## ABOUT THIS EXERCISE
Only the lines from the top of the data through the line containing "Myśliwce F-16 Fighting" should be duplicated, exactly as they appear.
BEGIN
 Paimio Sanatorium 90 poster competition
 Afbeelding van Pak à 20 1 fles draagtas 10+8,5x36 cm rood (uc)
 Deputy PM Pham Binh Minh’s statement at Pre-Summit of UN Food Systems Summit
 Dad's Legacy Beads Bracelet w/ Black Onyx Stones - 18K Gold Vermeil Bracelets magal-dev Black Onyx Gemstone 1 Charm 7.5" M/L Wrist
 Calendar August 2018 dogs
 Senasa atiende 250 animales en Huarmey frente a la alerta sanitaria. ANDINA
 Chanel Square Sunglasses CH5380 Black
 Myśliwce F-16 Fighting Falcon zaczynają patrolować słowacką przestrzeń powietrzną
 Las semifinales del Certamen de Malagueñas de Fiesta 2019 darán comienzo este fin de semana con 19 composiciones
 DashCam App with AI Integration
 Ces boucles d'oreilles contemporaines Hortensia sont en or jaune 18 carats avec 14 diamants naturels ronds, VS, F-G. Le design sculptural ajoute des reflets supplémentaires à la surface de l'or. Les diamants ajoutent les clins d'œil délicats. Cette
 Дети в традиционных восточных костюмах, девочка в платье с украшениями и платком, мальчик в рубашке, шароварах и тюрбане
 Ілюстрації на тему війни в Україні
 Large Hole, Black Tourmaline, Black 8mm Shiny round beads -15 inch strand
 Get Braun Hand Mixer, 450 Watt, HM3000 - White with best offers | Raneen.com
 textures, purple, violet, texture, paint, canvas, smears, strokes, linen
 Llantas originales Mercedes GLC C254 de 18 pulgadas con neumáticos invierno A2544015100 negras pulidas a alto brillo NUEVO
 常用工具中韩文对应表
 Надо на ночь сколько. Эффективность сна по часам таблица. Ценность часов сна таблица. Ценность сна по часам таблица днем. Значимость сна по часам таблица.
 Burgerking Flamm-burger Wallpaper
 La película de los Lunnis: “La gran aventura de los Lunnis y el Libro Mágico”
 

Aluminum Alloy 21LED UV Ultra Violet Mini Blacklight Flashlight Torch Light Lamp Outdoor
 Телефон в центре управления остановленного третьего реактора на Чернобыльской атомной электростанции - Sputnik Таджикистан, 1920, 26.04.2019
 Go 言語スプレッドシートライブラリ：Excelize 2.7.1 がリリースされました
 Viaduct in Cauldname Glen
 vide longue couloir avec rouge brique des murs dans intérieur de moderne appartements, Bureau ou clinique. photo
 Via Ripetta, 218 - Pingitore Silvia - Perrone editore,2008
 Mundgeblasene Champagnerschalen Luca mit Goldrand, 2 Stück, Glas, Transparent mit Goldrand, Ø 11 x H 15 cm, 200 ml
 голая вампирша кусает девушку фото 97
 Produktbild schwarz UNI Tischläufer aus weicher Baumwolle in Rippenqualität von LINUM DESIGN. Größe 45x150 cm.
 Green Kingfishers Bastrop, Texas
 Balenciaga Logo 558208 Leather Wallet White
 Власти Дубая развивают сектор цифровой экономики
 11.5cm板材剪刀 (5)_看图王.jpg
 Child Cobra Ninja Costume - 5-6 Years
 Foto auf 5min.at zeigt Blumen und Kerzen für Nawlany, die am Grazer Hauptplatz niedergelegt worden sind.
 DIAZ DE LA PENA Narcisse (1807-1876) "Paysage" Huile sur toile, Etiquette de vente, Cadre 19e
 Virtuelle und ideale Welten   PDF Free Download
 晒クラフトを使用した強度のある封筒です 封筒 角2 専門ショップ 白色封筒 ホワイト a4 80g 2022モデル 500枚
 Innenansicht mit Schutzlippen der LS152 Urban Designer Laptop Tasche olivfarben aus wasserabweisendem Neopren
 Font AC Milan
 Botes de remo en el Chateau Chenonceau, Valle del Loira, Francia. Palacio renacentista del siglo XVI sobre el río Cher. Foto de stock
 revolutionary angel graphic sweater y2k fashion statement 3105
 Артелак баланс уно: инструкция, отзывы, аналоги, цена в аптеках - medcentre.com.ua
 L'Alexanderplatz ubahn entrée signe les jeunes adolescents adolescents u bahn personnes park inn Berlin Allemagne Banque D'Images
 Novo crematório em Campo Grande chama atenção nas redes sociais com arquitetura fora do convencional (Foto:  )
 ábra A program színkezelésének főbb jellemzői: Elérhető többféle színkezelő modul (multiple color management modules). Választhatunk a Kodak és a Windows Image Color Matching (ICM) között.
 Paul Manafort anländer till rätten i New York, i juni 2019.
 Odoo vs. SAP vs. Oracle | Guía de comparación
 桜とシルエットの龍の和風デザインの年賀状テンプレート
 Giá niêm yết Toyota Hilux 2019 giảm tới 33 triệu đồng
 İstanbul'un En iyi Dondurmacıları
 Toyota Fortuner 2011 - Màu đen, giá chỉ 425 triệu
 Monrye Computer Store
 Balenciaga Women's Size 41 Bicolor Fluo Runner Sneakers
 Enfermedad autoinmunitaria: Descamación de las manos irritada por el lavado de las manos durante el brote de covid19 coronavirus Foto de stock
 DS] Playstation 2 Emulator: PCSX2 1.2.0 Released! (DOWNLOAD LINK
END
## EXPECTED ANSWER
 Paimio Sanatorium 90 poster competition
 Afbeelding van Pak à 20 1 fles draagtas 10+8,5x36 cm rood (uc)
 Deputy PM Pham Binh Minh’s statement at Pre-Summit of UN Food Systems Summit
 Dad's Legacy Beads Bracelet w/ Black Onyx Stones - 18K Gold Vermeil Bracelets magal-dev Black Onyx Gemstone 1 Charm 7.5" M/L Wrist
 Calendar August 2018 dogs
 Senasa atiende 250 animales en Huarmey frente a la alerta sanitaria. ANDINA
 Chanel Square Sunglasses CH5380 Black
 Myśliwce F-16 Fighting Falcon zaczynają patrolować słowacką przestrzeń powietrzną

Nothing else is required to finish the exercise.